16/02/11 09:25:50 [main]: INFO optimizer.SortedDynPartitionOptimizer: Sorted dynamic partitioning optimization kicked in..
16/02/11 09:25:50 [main]: INFO optimizer.SortedDynPartitionOptimizer: Inserted RS_2139 and EX_2140 as parent of FS_68 and child of EX_2138
16/02/11 09:25:55 [main]: INFO optimizer.SortedDynPartitionOptimizer: Sorted dynamic partitioning optimization kicked in..
16/02/11 09:25:55 [main]: INFO optimizer.SortedDynPartitionOptimizer: Inserted RS_2141 and EX_2142 as parent of FS_68 and child of EX_2140
16/02/11 09:25:59 [main]: INFO optimizer.SortedDynPartitionOptimizer: Sorted dynamic partitioning optimization kicked in..
16/02/11 09:25:59 [main]: INFO optimizer.SortedDynPartitionOptimizer: Inserted RS_2143 and EX_2144 as parent of FS_68 and child of EX_2142
16/02/11 09:26:03 [main]: INFO optimizer.SortedDynPartitionOptimizer: Sorted dynamic partitioning optimization kicked in..
16/02/11 09:26:03 [main]: INFO optimizer.SortedDynPartitionOptimizer: Inserted RS_2145 and EX_2146 as parent of FS_68 and child of EX_2144
16/02/11 09:26:08 [main]: INFO optimizer.SortedDynPartitionOptimizer: Sorted dynamic partitioning optimization kicked in..
16/02/11 09:26:08 [main]: INFO optimizer.SortedDynPartitionOptimizer: Inserted RS_2147 and EX_2148 as parent of FS_68 and child of EX_2146
16/02/11 09:26:12 [main]: INFO optimizer.SortedDynPartitionOptimizer: Sorted dynamic partitioning optimization kicked in..
16/02/11 09:26:12 [main]: INFO optimizer.SortedDynPartitionOptimizer: Inserted RS_2149 and EX_2150 as parent of FS_68 and child of EX_2148
16/02/11 09:26:17 [main]: INFO optimizer.SortedDynPartitionOptimizer: Sorted dynamic partitioning optimization kicked in..

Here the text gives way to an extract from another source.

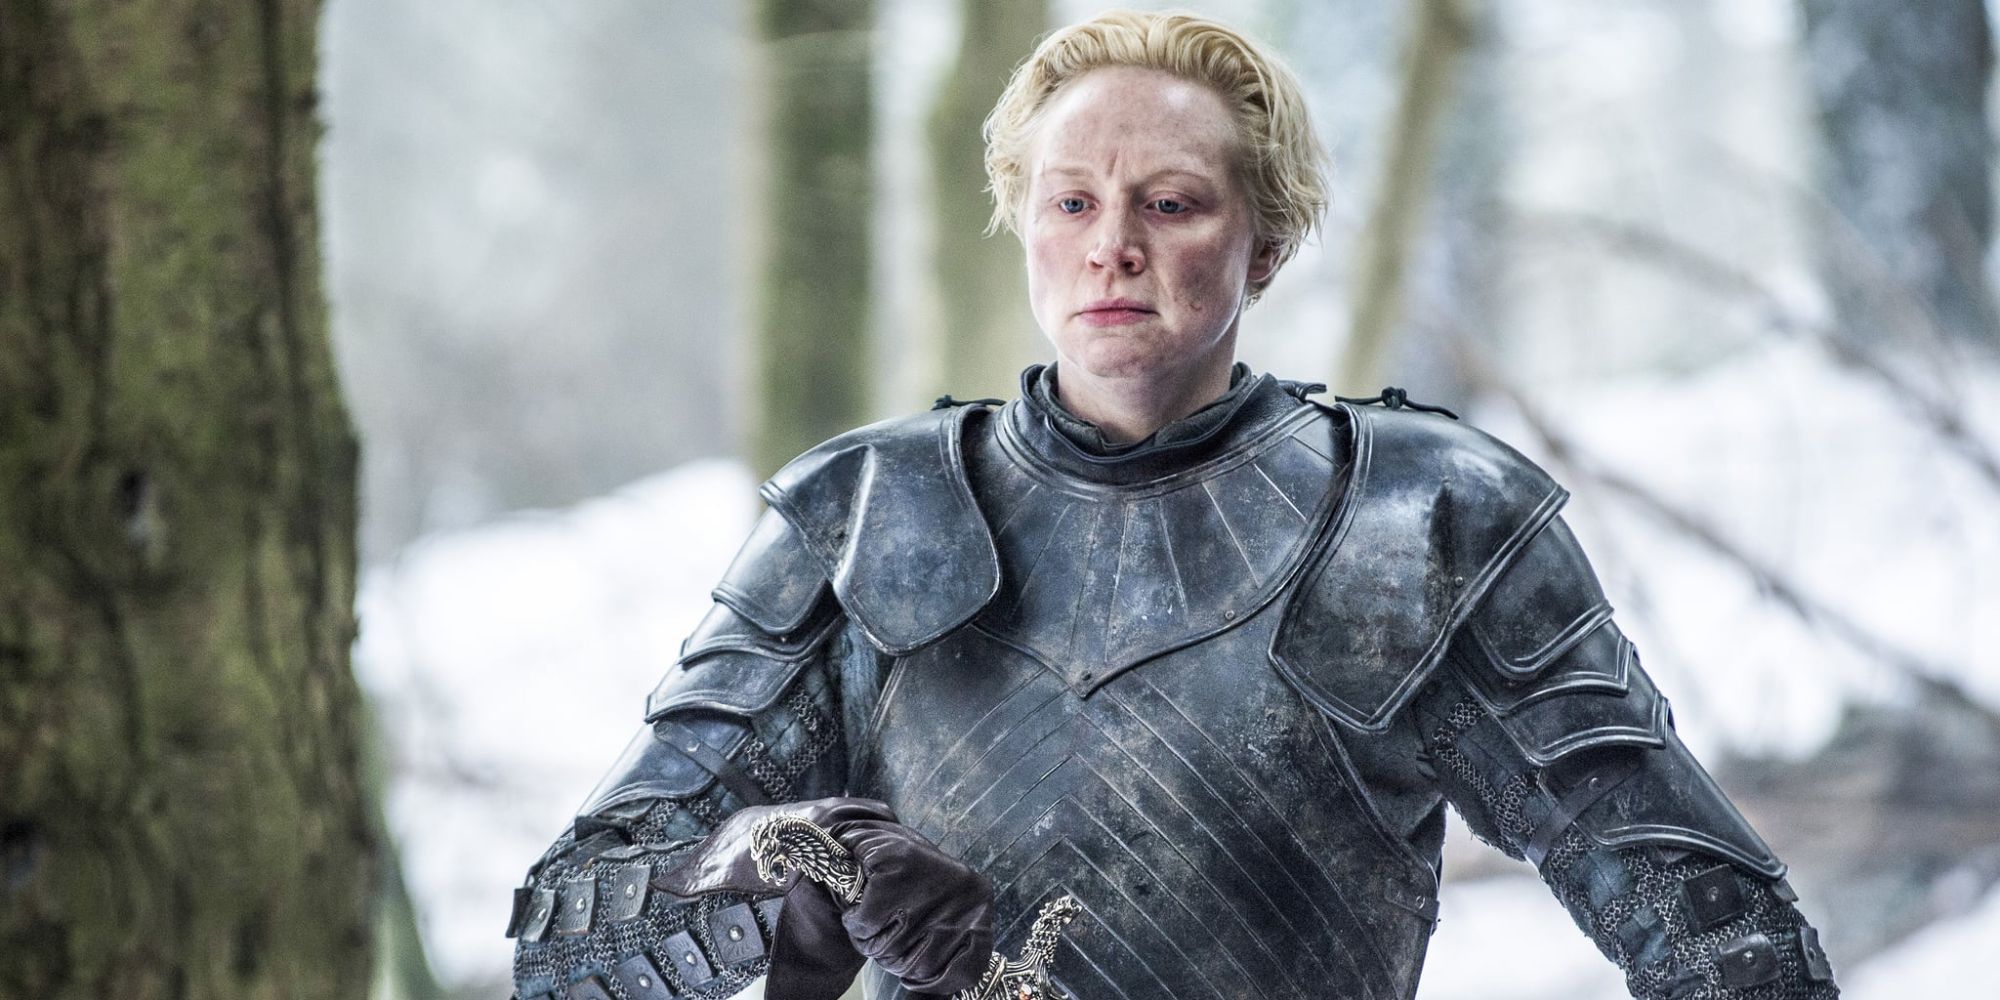 Brienne finds Sansa and offers her sword in Game of Thrones

16/02/11 09:26:17 [main]: INFO optimizer.SortedDynPartitionOptimizer: Inserted RS_2151 and EX_2152 as parent of FS_68 and child of EX_2150
16/02/11 09:26:19 [Thread-5]: INFO metrics.MetricsSaver: Saved 8:22 records to /mnt/var/em/raw/i-63eec5e6_20160211_RunJar_14276_raw.bin
16/02/11 09:26:21 [main]: INFO optimizer.SortedDynPartitionOptimizer: Sorted dynamic partitioning optimization kicked in..

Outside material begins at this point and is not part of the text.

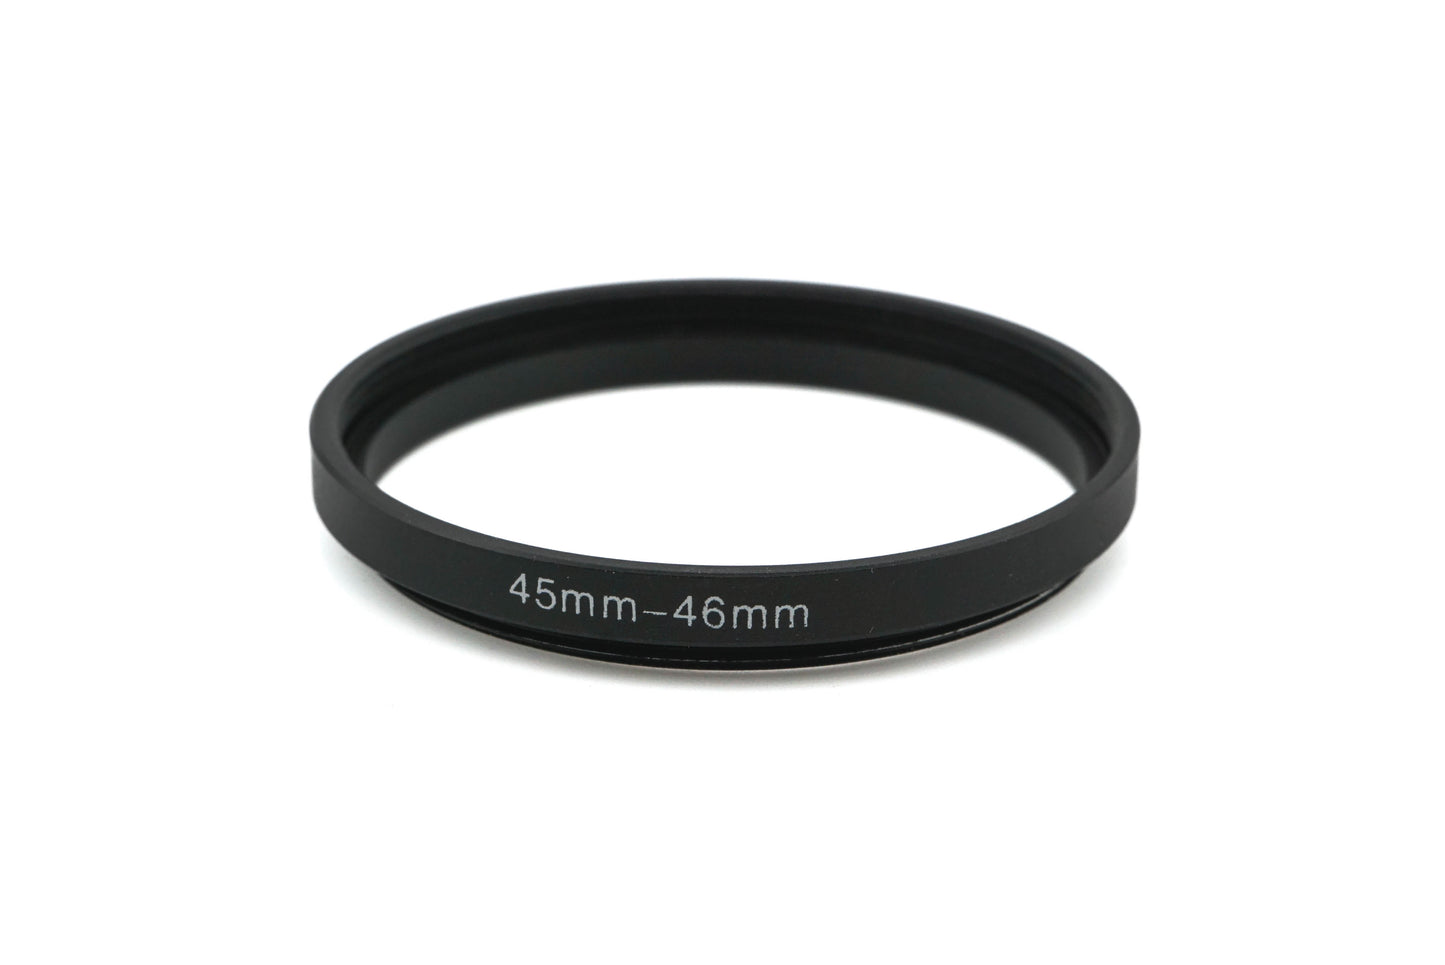 Generic 45mm - 46mm Step-Up Ring

16/02/11 09:26:21 [main]: INFO optimizer.SortedDynPartitionOptimizer: Inserted RS_2153 and EX_2154 as parent of FS_68 and child of EX_2152
16/02/11 09:26:26 [main]: INFO optimizer.SortedDynPartitionOptimizer: Sorted dynamic partitioning optimization kicked in..
16/02/11 09:26:26 [main]: INFO optimizer.SortedDynPartitionOptimizer: Inserted RS_2155 and EX_2156 as parent of FS_68 and child of EX_2154
16/02/11 09:26:30 [main]: INFO optimizer.SortedDynPartitionOptimizer: Sorted dynamic partitioning optimization kicked in..

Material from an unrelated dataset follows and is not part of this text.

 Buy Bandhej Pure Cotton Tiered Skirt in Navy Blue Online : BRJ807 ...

16/02/11 09:26:30 [main]: INFO optimizer.SortedDynPartitionOptimizer: Inserted RS_2157 and EX_2158 as parent of FS_68 and child of EX_2156
16/02/11 09:26:35 [main]: INFO optimizer.SortedDynPartitionOptimizer: Sorted dynamic partitioning optimization kicked in..
16/02/11 09:26:35 [main]: INFO optimizer.SortedDynPartitionOptimizer: Inserted RS_2159 and EX_2160 as parent of FS_68 and child of EX_2158
16/02/11 09:26:40 [main]: INFO optimizer.SortedDynPartitionOptimizer: Sorted dynamic partitioning optimization kicked in..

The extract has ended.